# Smart phone or tablet DCS controller?



## Lynn D Bennett (Jul 27, 2013)

MTH has announced a Wi-Fi module for the DCS TIU that allows an application running on an iPhone, iPad or android phone or tablet to control the DCS just as the current remote control does. 

It is a color display and has a big display for touch speed control (it appears???) and touch buttons for some of the DCS features. It is previewed in the 2014 Vol. 1 catalog I just got but there is no order info in the catalog. Availability is unknown until MTH responds adequately to my email. I want one! 

While the current remote control is adequate, the display is hard to see unless you turn on the backlight which kills the battery pretty quickly if used all the time. Apparently it can be used along side the regular remote giving almost anyone who visits your layout a DCS controller in their pocket. Almost everyone has a smart phone or tablet. All they have to do is download the Application from MTH. You, of course, have to have the Wi-Fi module connected to your TIU.

LDBennett


----------



## gunrunnerjohn (Nov 10, 2010)

I have an application for my Android phone that I got for free, it talks Bluetooth to a little $20 adapter plugged into my Legacy command base. It allows me to control trains, switches, and accessories from my phone. 

I use this controller: http://www.amazon.com/Arduino-Wirel...-Female/dp/tech-data/B009NQUGR4/ref=de_a_smtd

The author has a Yahoo Bluetrain Group where you can download the program for free.


----------



## deviltrigger529 (Jul 9, 2013)

Sweet, sounds awesome! I was hoping MTH would release something like this after I saw it in the Lionel catalog since I run all MTH and DCS.


----------



## BigAl56 (Dec 14, 2011)

Thanks for this. I'm going to give it a try.


----------



## Lynn D Bennett (Jul 27, 2013)

*Official MTH response*

_*"Thank you for contacting MTH Electric Trains. We appreciate your interest in our products. I am afraid there are no details available yet on the DCS WiFi. More information including price and release date will be announced early in 2014."*_

It boggles my mind that software and computer hardware companies can get products on the market in months and MTH takes many times that to get their product out the door that happen to be a product like the computer/software industry introduces every day. Building the hype long before the product availability is not a good idea in my experience. The newness is gone and the product forgotten before the new product reaches the masses.

OH well.

LDBennett


----------



## gunrunnerjohn (Nov 10, 2010)

In partial defense of both MTH and Lionel, they have had serious overseas manufacturing issues with their products lately. Lots of churn in the Far East plants and many products have been delayed, some for many months.


----------



## Lynn D Bennett (Jul 27, 2013)

John:

Sorry to hear that. Maybe Lionel and MTH ought to consider moving manufacturing back the USA. There seems to be a movement in the manufacturing world to do that. 

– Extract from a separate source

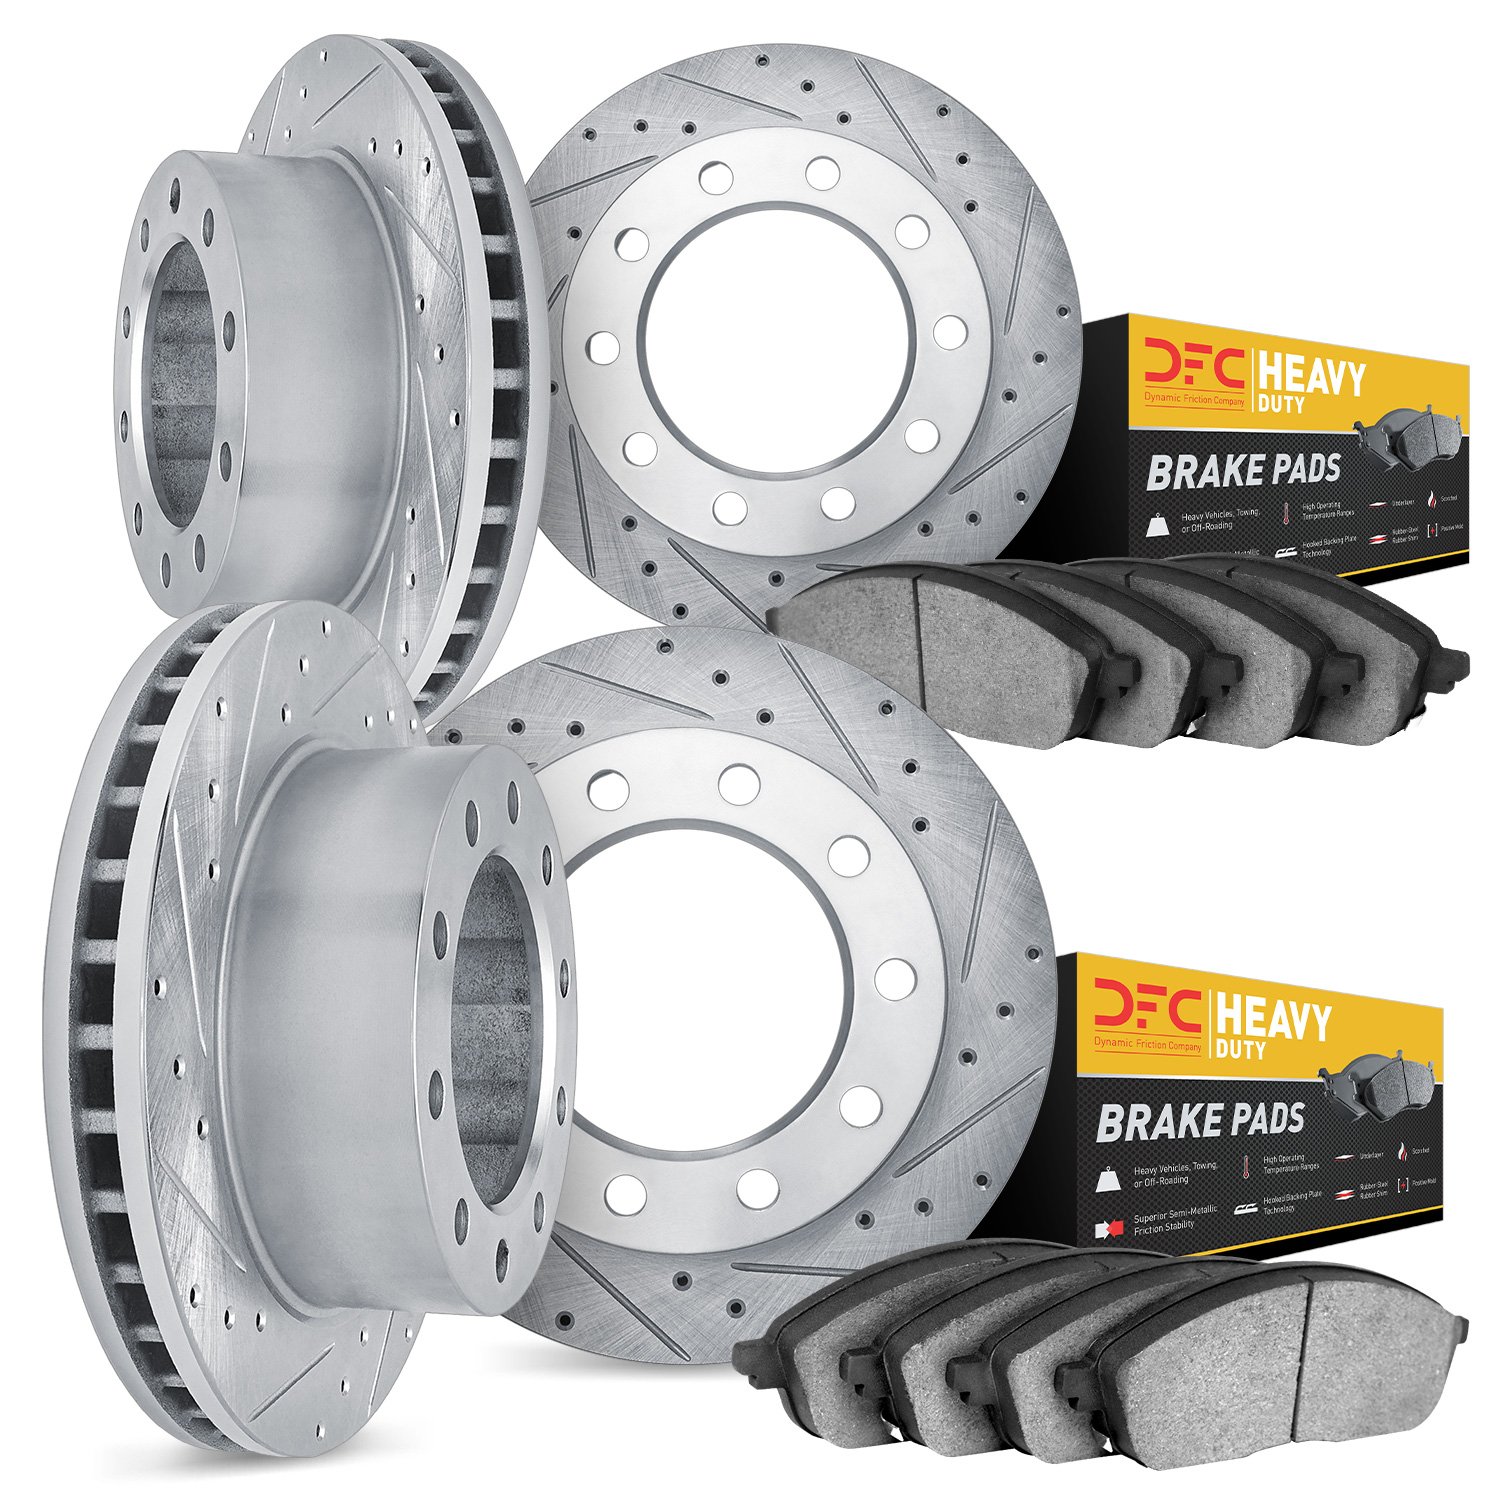 7204-99121 Drilled/Slotted Rotors w/Heavy-Duty Brake Pads Kit [Silver], Fits Select Ford/Lincoln/Mercury/Mazda, Position: Front

It will have to eventually happen anyway as the labor cost in the Orient get closer to USA labor and manufacturing costs. By the time they pay for shipping both ways they may even be able to (eventually) keep the pricing the same. It is probably not a good idea to have the Communist Chinese government in charge of your product manufacturing. They really don't understand the free market. Add to that the labor force eventually causing an uprising and stopping all product deliveries (Is that where MTH and Lionel are now?).

I'm not a hater of the world market (lots of my guns are non-USA made) but at the first sign of problems with a world market supplier, the manufacturer should consider getting the products under local control, I would think. Cheap labor rates in the Orient are not forever. Just look at Japan. They used to be the go-to place for cheap products and today their products are often more expensive because of real and implied quality. It will eventually happen with the rest of the Orient.

LDBennett


----------



## Lynn D Bennett (Jul 27, 2013)

I see a problem with this WiFi product for iPhone and iPad users. Apple only allows APPs from their store to be loaded on their products. The APP has to meet Apple's APP standards and be approved to be in the store. If MTH is not tuned into that for the software then Apple products may never be able to control DCS systems. I hope they have that understanding (???).

LDBennett


----------



## gunrunnerjohn (Nov 10, 2010)

I'm sure that MTH is dealing with Apple, they well understand that. Lionel's LCS control application is already available for download in the Apple store.


----------